As George Leslie McKay notes in his preface to volume three of A Stevenson Library: Catalogue, Stevenson's "wanderings about the face of the earth" and "distances of thousands of miles" from friends and family, resulted in voluminous correspondence. The collection contains approximately 3,300 pieces of correspondence altogether, with 1,000 letters by Stevenson and 300 letters by his wife Fanny Van de Grift. The largest groups of Stevenson correspondence can be found for his parents, Thomas and Margaret Isabella Stevenson, editor Edward L. Burlingame, and friends Charles Baxter and Sidney Colvin. Other noteworthy correspondents include Stevenson's cousin Robert Alan Mowbray Stevenson, his stepchildren Lloyd Osbourne and Isobel Field, collaborator William Ernest Henley, authors J. M. Barrie, Henry James, Andrew Lang, and Charles Warren Stoddard, the publisher Charles Scribner, and artists who made representations of Stevenson during the last decade of his life, Will Hicok Low, Auguste Rodin, Augustus Saint-Gaudens, and John Singer Sargent. Given Stevenson's wanderings and distances from correspondents, not surprisingly, according to McKay, many Stevenson letters document "his health... what he ate and drank, the people he met... [his] states of mind, [and] the books he read and... wrote."

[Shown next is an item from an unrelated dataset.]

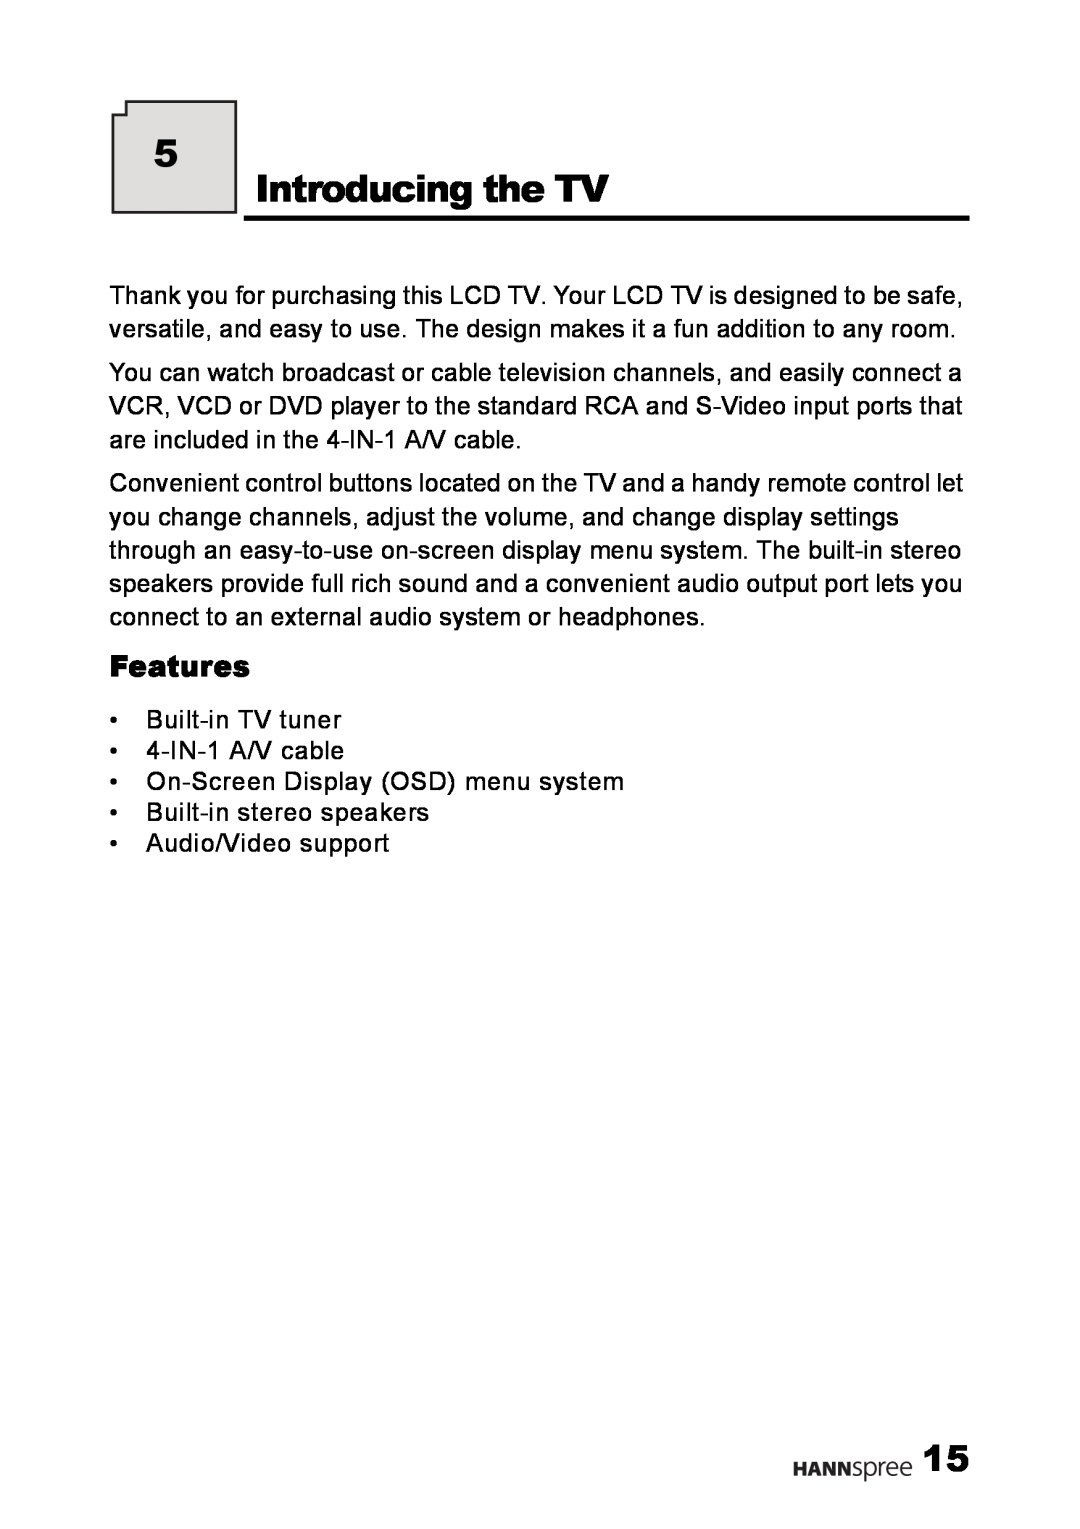 HANNspree LT02-12U1-000 user manual Introducing the TV, Features

Series II. Manuscripts by Robert Louis Stevenson consists of writings and other materials, such as notes and lists, in Stevenson's hand. The collection contains drafts of "more than half the poems" to several collections of poetry, including both Underwoods (1887) and Songs of Travel and Other Verses (1896), and complete or partial drafts to several prose works, including Catriona (1893), The Ebb-Tide (1894), In the South Seas (1896) and St. Ives (1897). There are also portions to the last three chapters of Stevenson's popular Strange Case of Dr. Jekyll and Mr. Hyde (1886).

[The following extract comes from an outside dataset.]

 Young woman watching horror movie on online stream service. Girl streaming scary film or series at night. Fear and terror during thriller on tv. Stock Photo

Series III. Addition and Other Materials consists almost entirely of Stevenson related materials not documented in McKay's Catalogue. This includes the photographs, artwork, and memorabilia that came to the library in the early 1950s with the principal gifts of Edwin J. Beinecke's collection, as well as smaller gifts and purchases made through the 1960s. There are original photographs of Stevenson, family, and friends, many Stevenson homes and residences, and the areas in which he lived and travelled, as well as albums containing material relating chiefly to Stevenson's life in Samoa. Artistic representations of Stevenson include work by well-known artists working at the turn of the 20th century. Works include: oil and watercolor portraits by Girolamo Nerli and Percy F. S. Spence respectively; charcoal portraits by Nerli and John Singer Sargent; busts and reliefs by Gutzon Borglum, Allen Hutchinson, and Augustus Saint-Gaudens; and engravings, etchings, and woodcut and linoleum prints by Robert Bryden, Timothy Cole, Samuel Hollyer, Thomas Johnson, Joseph Simpson, and Samuel Johnson Woolf. In addition, there are original drawings and watercolors for book illustrations by Robert Browne, William Hole, George Varian, and R. Canton Woodville, as well as original drawings by James Renwick Brevoort and Erastus Salisbury Field.
Edwin J. Beinecke's research files contain correspondence and documents relating to his acquisition of Stevenson material. Volumes feature correspondence between Edwin J. Beinecke and his assistant, Gertrude Hills, and others, including book and manuscript dealers, publishers, libraries, and Stevenson scholars. Correspondents include Clayton Hamilton, Sanki Ichikawa, Archibald MacLeish, Vincent Starrett, and descendants of Stevenson's family and friends.